Observations Example

Observations Tab

  • Observation Name: Unique identifier (e.g. APS-01-20170528).
  • Sampling Site Name: Associated sampling site ID (e.g. APS-01).
  • On-Ground Campaign: Survey campaign grouping (e.g. 2017 Fitzroy Hill On-ground Survey).
  • Observer Name: Person conducting the observation.
  • Native Species Count: Number of species identified.
  • Vegatation Condition: Diversity index with thresholds for success.
  • Comments: Field notes describing site conditions.
  • Photo count: Linked imagery from the inspection.

Observations Example

Observation Species Sampling Tab

  • Observation Name: Links species data to a specific observation ID.
  • Family: Plant family (e.g. Fabaceae).
  • Genus–Species: Scientific name (e.g. Acacia ancistrocarpa).
  • Cover (%): Vegetation cover for the species.
  • Height (m): Average plant height.
  • Density (plants/ha): Plant density per hectare.
  • Comments: Species-level notes (if recorded).

Observations Example

2. Observation Data Panel (Right Sidebar)

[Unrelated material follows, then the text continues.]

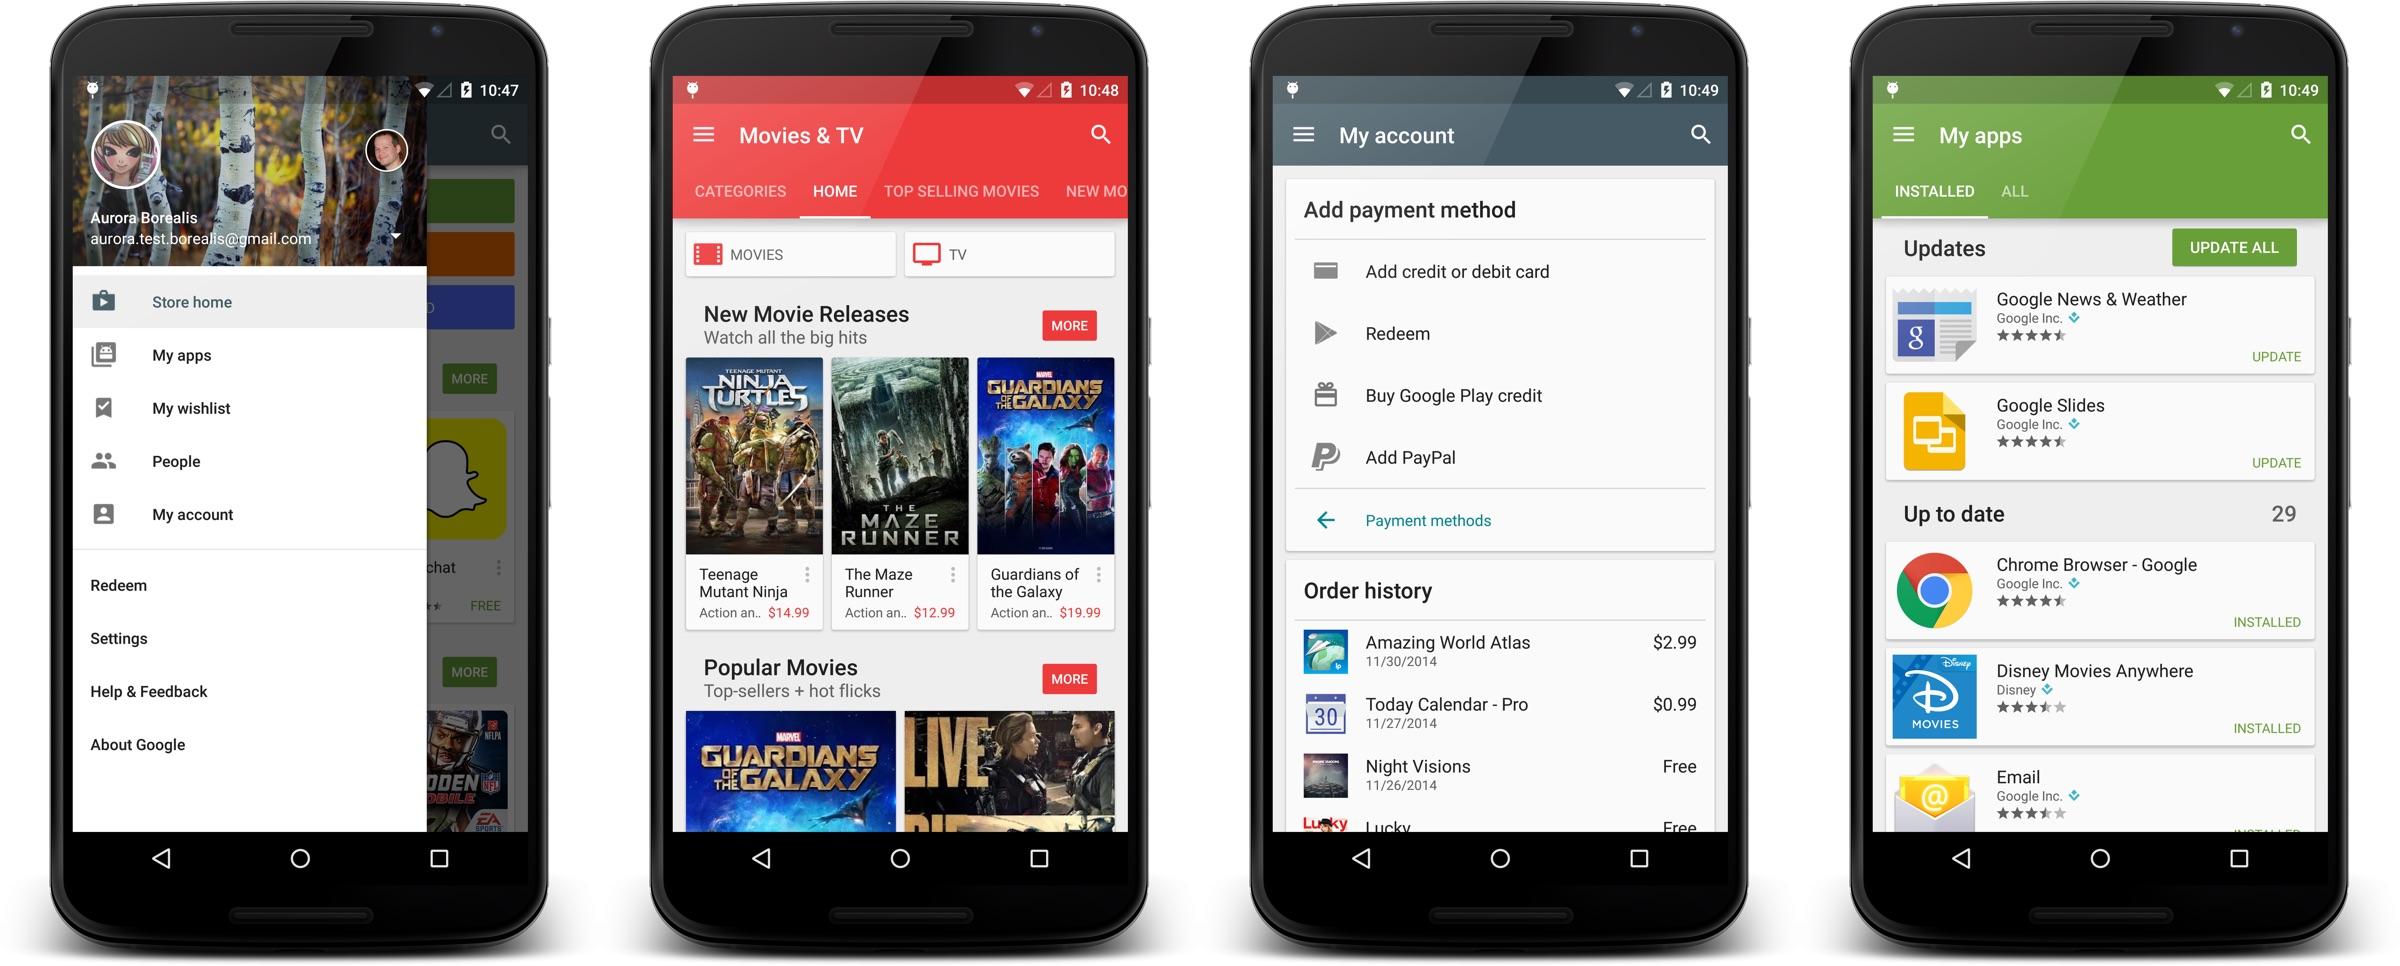 Google-Play-Store-my account interfata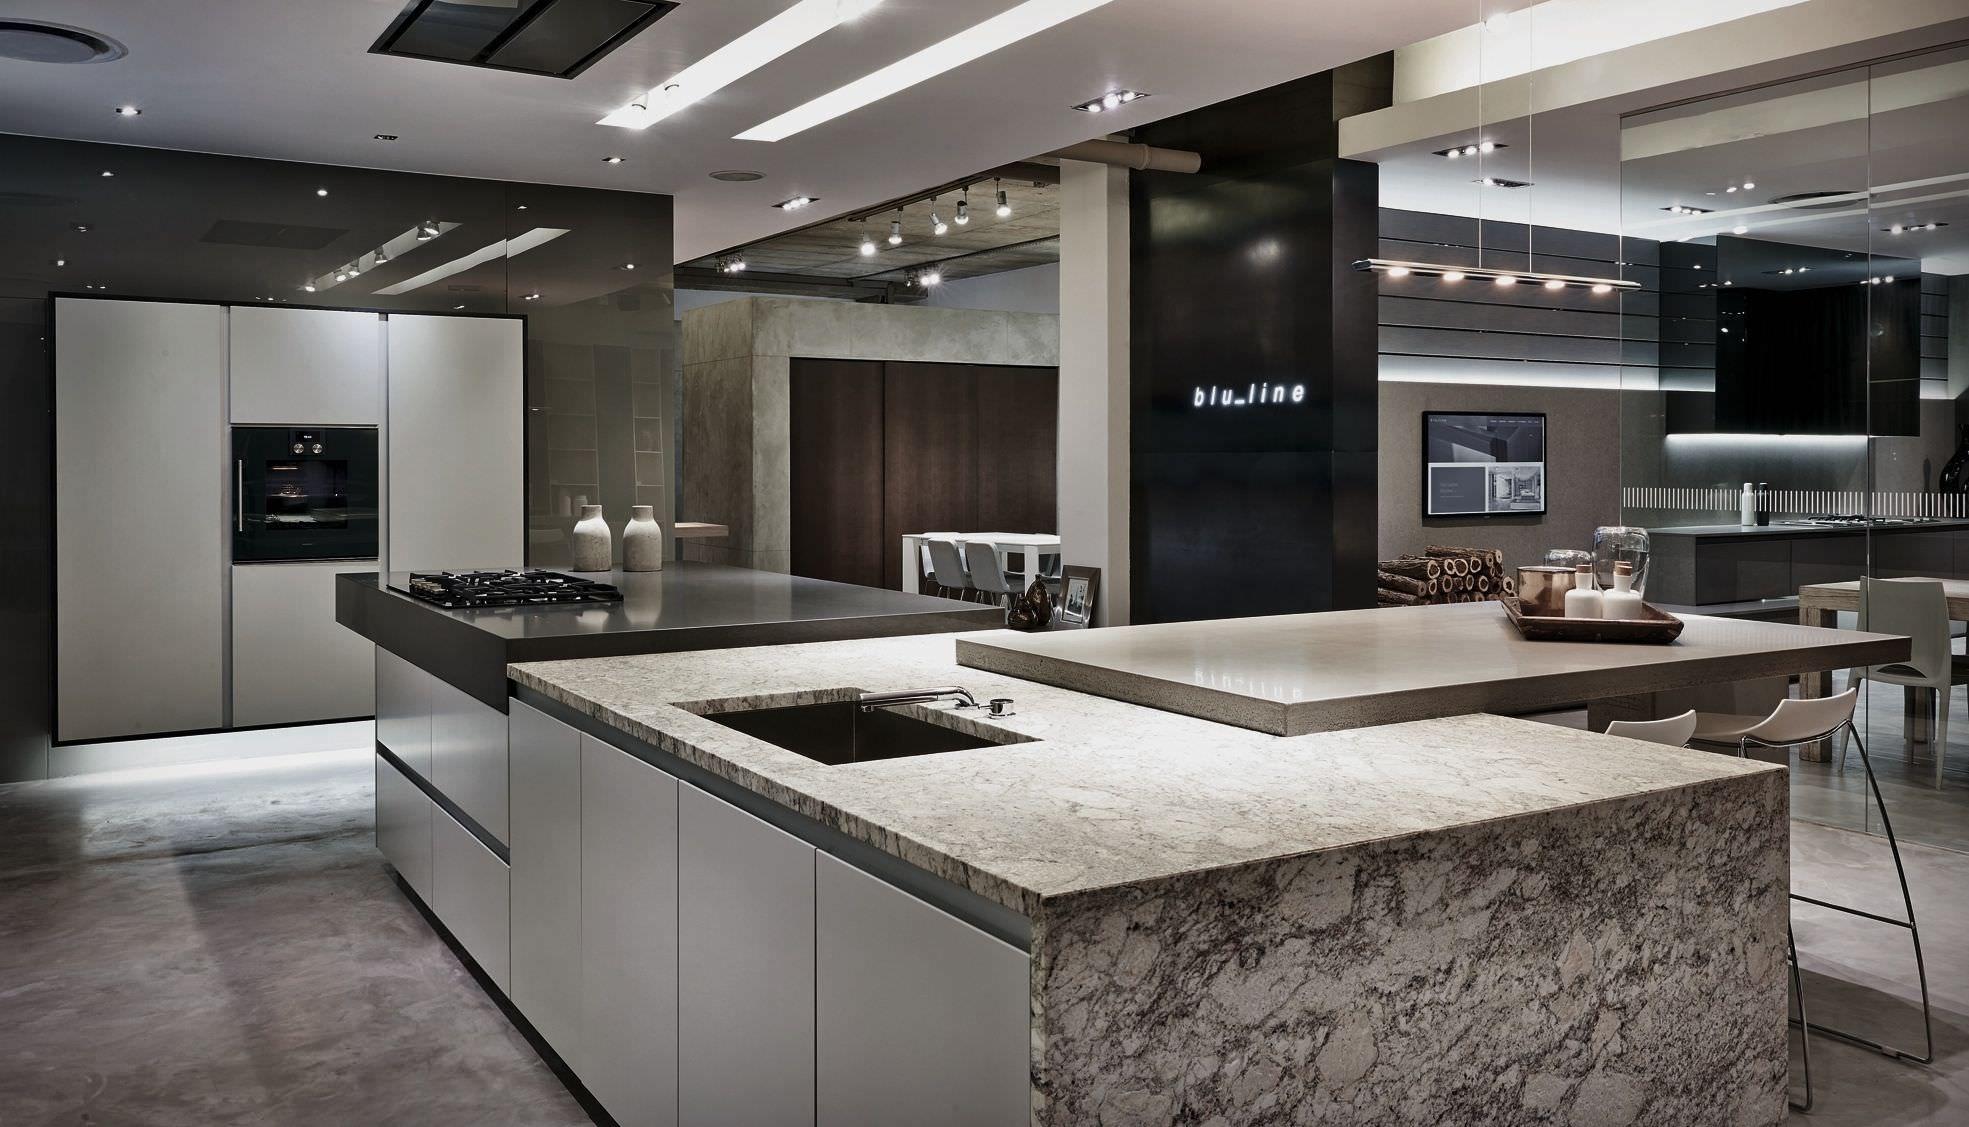 showroom | Showroom interior design, Beautiful kitchens ...

When selecting an observation, the right-hand panel displays key details:

  • Date Established: Linked sampling site establishment date.
  • Type: Rehabilitation or analogue classification.
  • Sampling Method: Technique used (e.g. Quadrat).
  • Last Observed: Date of most recent survey.
  • Observation Date: Date of current observation.
  • Observer: Field staff name (if recorded).
  • Native Species Count: Total species observed (e.g. 24).
  • Perennial Species Richness: Diversity index with passing threshold (e.g. 18 >15).
  • Comments: Qualitative notes (e.g. very shallow surface soil (5–10 cm) over hard subsoil, suggesting deep ripping required).
  • Photos: Linked inspection images.

From the panel, users can navigate directly to species sampling records for the selected observation.


Observations Example

3. Observations Table (Bottom Panel)

The Observations table provides a searchable list of recorded surveys. Key fields include:

FieldDescription
Observation NameUnique identifier linking to sampling site (e.g. APS-01-20170528).
Sampling SiteAssociated sampling site (e.g. APS-01).
Observation DateDate of field survey.
On-Ground CampaignCampaign grouping (e.g. 2017 Fitzroy Hill Survey).
ObserverPerson who carried out the observation.
Native Species CountNumber of native species recorded.
Perennial RichnessSpecies richness value and threshold (e.g. 18 >15).
CommentsField notes about site conditions.
PhotosLinked inspection images.

Observations Example

4. Species Sampling Table (Bottom Panel)

The Observation Species Sampling table provides species-level data tied to observations. Core fields include:

FieldDescription
Observation NameUnique ID linking species records to an observation.
FamilyTaxonomic family (e.g. Fabaceae, Myrtaceae).
Genus–SpeciesScientific species name.
Cover (%)Vegetation cover as a percentage.
Height (m)Average plant height in metres.
Density (plants/ha)Estimated plant density per hectare.
CommentsSpecies-level notes, if recorded.

Usage Scenarios

  • Ecological Monitoring: Track species composition and diversity changes over time.
  • Ground-Truthing: Validate satellite-based vegetation data with field species surveys.
  • Rehabilitation Review: Assess establishment success and identify soil or site limitations.
  • Compliance & Reporting: Provide detailed, species-level evidence for regulatory submissions.
  • Long-Term Baselines: Build multi-year ecological datasets to support restoration science.